9. The Respondent's counsel submitted that the five years lapsed in 2016 having commenced from the date of registration at the School in January 2012 and that the Legal Education Act enjoins the first Respondent to maintain high standards of qualifications and that the petitioners have the option of registering afresh.
Analysis of the facts, the law and authorities
10. This court has had the opportunity to consider identical issues as in the present case in the case of
Daniel Ingida Aluvaala and another vs Council of Legal Education & Another.[2] Because of the similarity of the issues presented in this petition to the said case, I will quote extensively from the said decision in which this court stated:-
"Public bodies, no matter how well-intentioned, may only do what the law empowers them to do. That is the essence of the principle of legality, the bedrock of our constitutional dispensation, which is enshrined in our constitution.It follows that for the impugned decisions to be allowed to stand, it must be demonstrated that the decision is grounded on law.
As such, the Respondents actions must conform to the doctrine of legality. Put differently, a failure to exercise that power where the exigencies of a particular case require it, would amount to undermining the legality principle which, is inextricably linked to the rule of law. Guidance can be obtained from the South African case of AAA Investments (Pty) Ltd vs Micro Finance Regulatory Council and another where the court held as follows:-
“(t)he doctrine of legality which requires that power should have a source in law, is applicable whenever public power is exercised . . . . Public power . . . can be validly exercised only if it is clearly sourced in law"[3]

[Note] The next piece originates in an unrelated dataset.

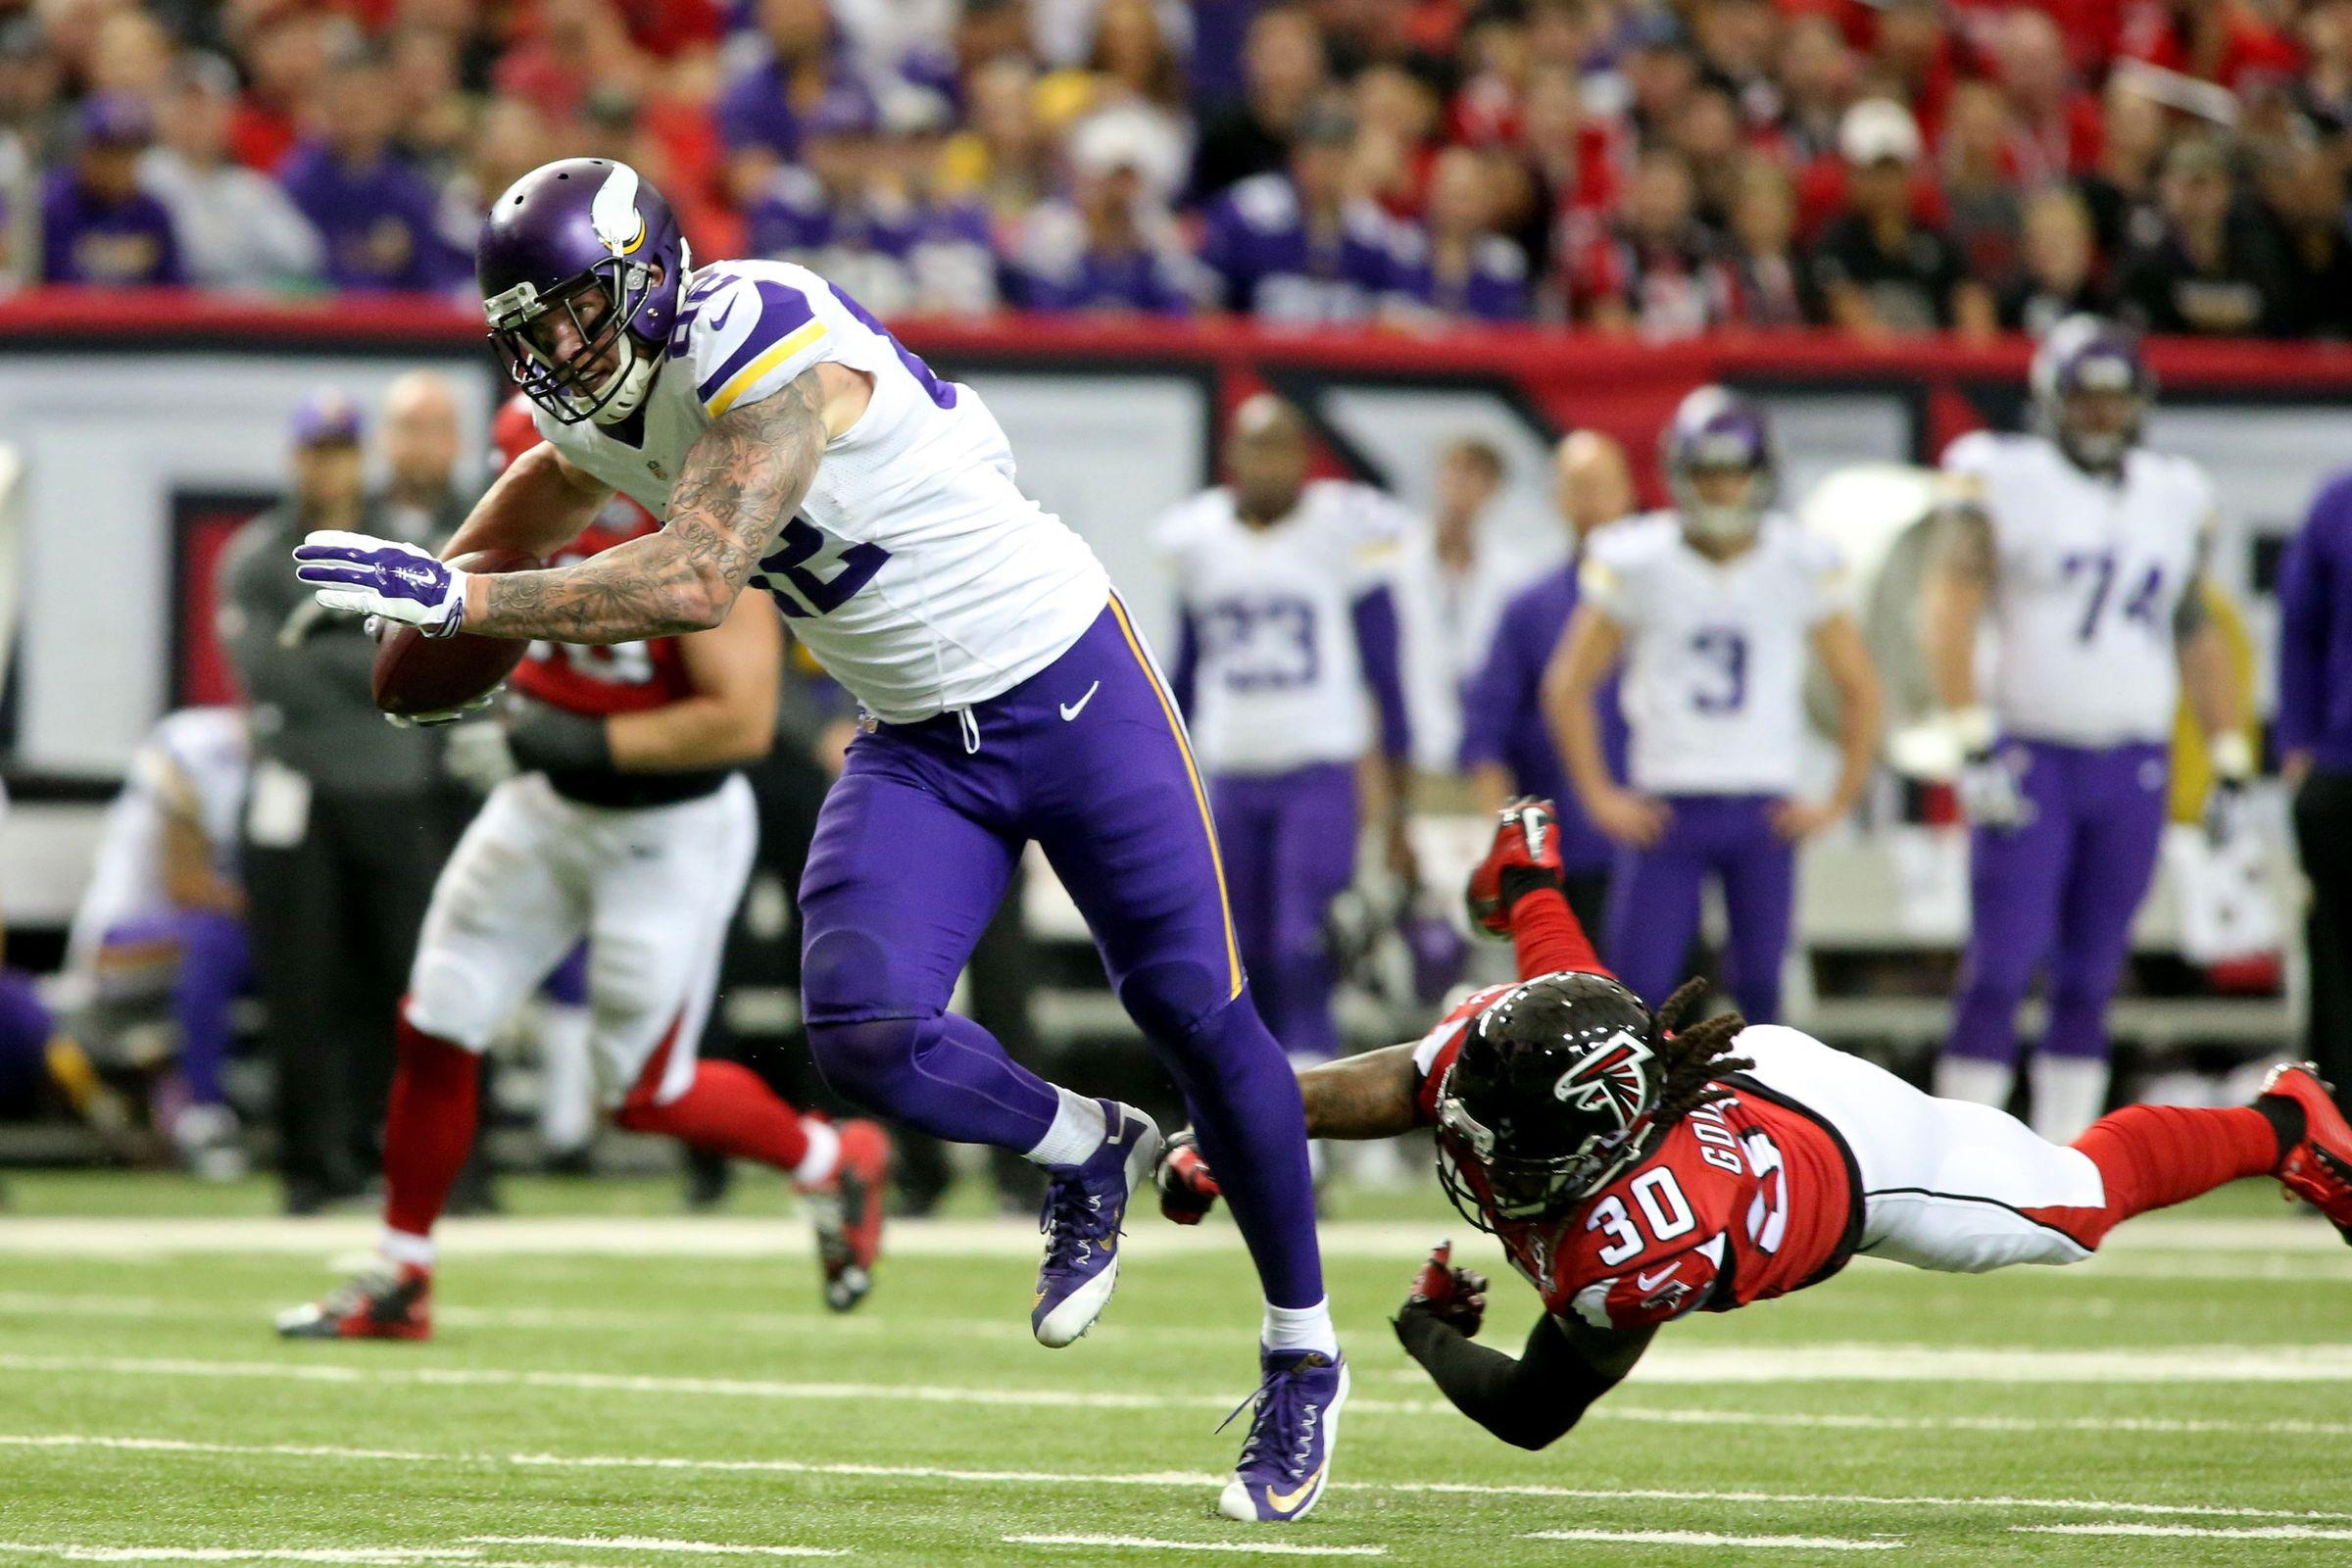 [NFL] Week 12: Peterson mette in ginocchio Atlanta (Minnesota Vikings vs Atlanta Falcons 20-10)

Courts are similarly constrained by the doctrine of legality, i.e to exercise only those powers bestowed upon them by the law.[4] The concomitant obligation to uphold the rule of law and, with it, the doctrine of legality, is self-evident. In this regard, the Respondent is constrained by that doctrine to enforce the law by ensuring that its decisions conform to the relevant provisions of the law governing examinations offered at the Kenya School of Law.
The respondent has not only a statutory duty but also a moral duty to uphold the law and to see to due compliance with the law and Regulations governing the examinations. It would in general be wrong to whittle away the obligation of the Respondent as a public body to uphold the law. A lenient approach could be an open invitation to the Respondent to act against its legal mandate and pose a real danger of compromising both the professional ability and competence of persons released to the public to practice law.
Section 3 of the Legal Education Act[5] stipulates the objective of the act which is to (a) promote legal education and maintenance of the highest possible standards in legal education; and (b) provide a system to guarantee the quality of legal education and legal education providers.
Section 4 of the act establishes the Council of Legal Education whose functions are stipulated in section 8 of the act. Its functions includeregulating legal education and training in Kenya offered by legal education providers, administering such professional examinations as may be prescribed under section 13 of the Advocates Act and being responsible for setting and enforcing standards relating to the mode and quality of examinations.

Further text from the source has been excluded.